Directions:
The full listing should be set down exactly as it reads.
Start of Material supplied
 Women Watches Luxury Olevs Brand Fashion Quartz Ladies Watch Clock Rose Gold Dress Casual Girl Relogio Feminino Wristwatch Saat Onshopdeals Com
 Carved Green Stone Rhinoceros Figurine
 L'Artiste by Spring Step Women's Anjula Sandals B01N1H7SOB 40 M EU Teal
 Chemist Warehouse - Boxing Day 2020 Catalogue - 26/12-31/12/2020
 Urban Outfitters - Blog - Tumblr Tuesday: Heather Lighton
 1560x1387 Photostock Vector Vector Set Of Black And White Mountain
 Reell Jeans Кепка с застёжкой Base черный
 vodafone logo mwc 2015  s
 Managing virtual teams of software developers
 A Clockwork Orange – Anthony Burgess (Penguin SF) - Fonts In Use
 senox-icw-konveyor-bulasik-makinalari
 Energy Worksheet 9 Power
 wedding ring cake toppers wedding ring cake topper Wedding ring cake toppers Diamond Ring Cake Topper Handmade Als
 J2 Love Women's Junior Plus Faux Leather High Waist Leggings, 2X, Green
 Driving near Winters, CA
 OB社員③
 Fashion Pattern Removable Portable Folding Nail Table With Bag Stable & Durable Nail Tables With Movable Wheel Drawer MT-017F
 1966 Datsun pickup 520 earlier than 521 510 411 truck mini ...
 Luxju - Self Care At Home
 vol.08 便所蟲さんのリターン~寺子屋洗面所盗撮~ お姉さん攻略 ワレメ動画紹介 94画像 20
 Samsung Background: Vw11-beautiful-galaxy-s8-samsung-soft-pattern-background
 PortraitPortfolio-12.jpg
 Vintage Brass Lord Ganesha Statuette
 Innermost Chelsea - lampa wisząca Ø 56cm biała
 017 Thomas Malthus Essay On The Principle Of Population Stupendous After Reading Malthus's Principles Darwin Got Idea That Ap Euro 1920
End of Material supplied
Expected output:
 Women Watches Luxury Olevs Brand Fashion Quartz Ladies Watch Clock Rose Gold Dress Casual Girl Relogio Feminino Wristwatch Saat Onshopdeals Com
 Carved Green Stone Rhinoceros Figurine
 L'Artiste by Spring Step Women's Anjula Sandals B01N1H7SOB 40 M EU Teal
 Chemist Warehouse - Boxing Day 2020 Catalogue - 26/12-31/12/2020
 Urban Outfitters - Blog - Tumblr Tuesday: Heather Lighton
 1560x1387 Photostock Vector Vector Set Of Black And White Mountain
 Reell Jeans Кепка с застёжкой Base черный
 vodafone logo mwc 2015  s
 Managing virtual teams of software developers
 A Clockwork Orange – Anthony Burgess (Penguin SF) - Fonts In Use
 senox-icw-konveyor-bulasik-makinalari
 Energy Worksheet 9 Power
 wedding ring cake toppers wedding ring cake topper Wedding ring cake toppers Diamond Ring Cake Topper Handmade Als
 J2 Love Women's Junior Plus Faux Leather High Waist Leggings, 2X, Green
 Driving near Winters, CA
 OB社員③
 Fashion Pattern Removable Portable Folding Nail Table With Bag Stable & Durable Nail Tables With Movable Wheel Drawer MT-017F
 1966 Datsun pickup 520 earlier than 521 510 411 truck mini ...
 Luxju - Self Care At Home
 vol.08 便所蟲さんのリターン~寺子屋洗面所盗撮~ お姉さん攻略 ワレメ動画紹介 94画像 20
 Samsung Background: Vw11-beautiful-galaxy-s8-samsung-soft-pattern-background
 PortraitPortfolio-12.jpg
 Vintage Brass Lord Ganesha Statuette
 Innermost Chelsea - lampa wisząca Ø 56cm biała
 017 Thomas Malthus Essay On The Principle Of Population Stupendous After Reading Malthus's Principles Darwin Got Idea That Ap Euro 1920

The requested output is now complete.